西日本豪雨 復興支援チャリティ囲碁イベント
浜田翔子×福島裕二写真展
をアップロード。
逢田梨香子
表紙と巻頭7ページ11カット、撮影は佐藤裕之。
かつては声優グラビアと言えば退屈を絵に描いたような代物で、信仰対象として崇め奉る向き以外には何の意味も価値も無い様なものばかりではあったが、変われば変わるもので写真として見るに堪え得るものも増えて来た。
このグラビアも出来としては悪くない。
声に特化した芝居が生業で、且つ「役ではない自分」としてカメラの前に立たねばならぬ訳で、こと笑顔に関しては階調の乏しさが目に付くが、それ以外はカメラの前で気負わずに振る舞えている。
水着ではないがそれに近い衣装もあり、そこから先の展開も見据えての出し惜しみだと思われる。
富永美杜
巻末5ページ10カット、撮影はHIROKAZU。
富永美杜としては初めての、事実上の富永美杜としてのものも含めると2回めの水着グラビア。
潜った修羅場の数が違うので、服を着ていても水着になっても表情に変化はなく、カメラと向き合って動じるところはないが、素で向き合えているかと言うとそうとも言い難い。
隔意が有ると言うか、正体を現さないようなところがあり、まぁそれが悪いかと言うと、その食えなさ加減がまた良かったりするのであるが。
菜乃花
表紙と巻頭8ページ17カット、うち見開き1箇所。 撮影は栗山秀作。
賛否分かれそうなメイク(特に眉)と肌の質感描写であるが、栗山らしいと言えば「らしい」。
キャプションで「グラビア冬の時代と言われて久しい」など、シレッと書いてあるが、肉感的な被写体を載せなかったのは媒体の側であり、何を今更感はある。
どんな被写体をどう載せれば部数に結びつくのか、仕切り直して試行錯誤しているのであろう。
撮られ慣れていて何処をどう見せれば映えるかを心得ているので、あざとさ無きにしも非ずだが、流石に画にはなっている。
熊澤風花
巻末6ページ16カット、撮影は細居幸次郎。
グラビア映えする素材を抜擢。 腰を据えて撮らせて紙幅を割く。
実にヤングジャンプらしいグラビア。
安易に扇情的なポーズは取らせず、どう切り取れば美点を活かせるかを考え、見せるより隠すこと、遮ることで視点を誘導している。

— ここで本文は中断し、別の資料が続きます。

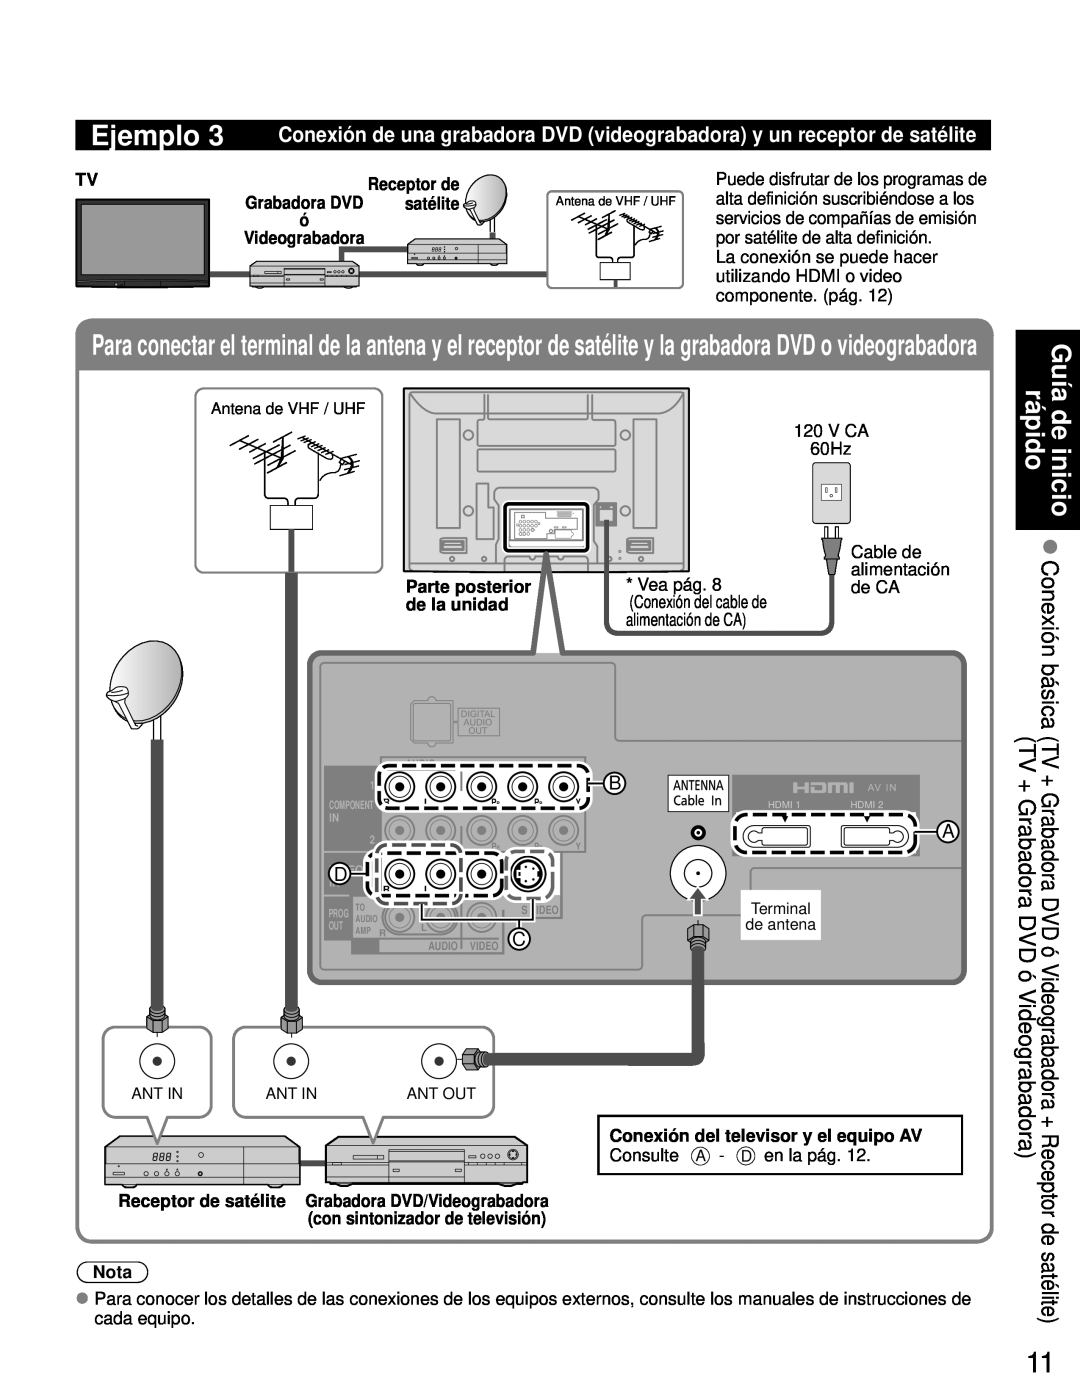 Panasonic TH-46PZ80U + Receptor de satélite, Receptor de Grabadora DVD satélite ó Videograbadora, Ejemplo, Guía, Nota

セーラー服で3カット、あとは水着とその上に何か着たカットで構成されているのだけれど、一枚着ているか着ていないかで表情に硬軟があり、それを活かすことで水着になったカットの表情の硬さを「初々しさ」や「羞じらい」に昇華。
撮られ慣れていない事を逆手に取った構成の妙。
瀬踏みとしての巻末グラビアだったのかも知れないが、巻頭で勝負できる素材。
思い切っても良かったのではないか。
生牡蠣いもこ
表紙と巻頭6ページ14カット、うち見開き1箇所。
撮影は細居幸次郎。
課金投票企画のご褒美でのグラビア。 国内だが屋外ロケで撮って貰えている。
一枚羽織るくらいで、ほぼ水着。 表情の階調は少ないが、物怖じせずにカメラの前には立てている。
小此木流花
巻末4ページ4カット、撮影は西村康。
課金投票企画二着入線でのご褒美グラビアだが、こちらは簡便な都内ロケ。
顔見世としては及第点。
「サキドルエース」と言う企画
最近はこの企画が載る号の出荷を増やしているらしく、売り切れで手に入らないと言う事も無くなったが、以前は発売日に何軒回っても手に入らず諦めたことすら有る。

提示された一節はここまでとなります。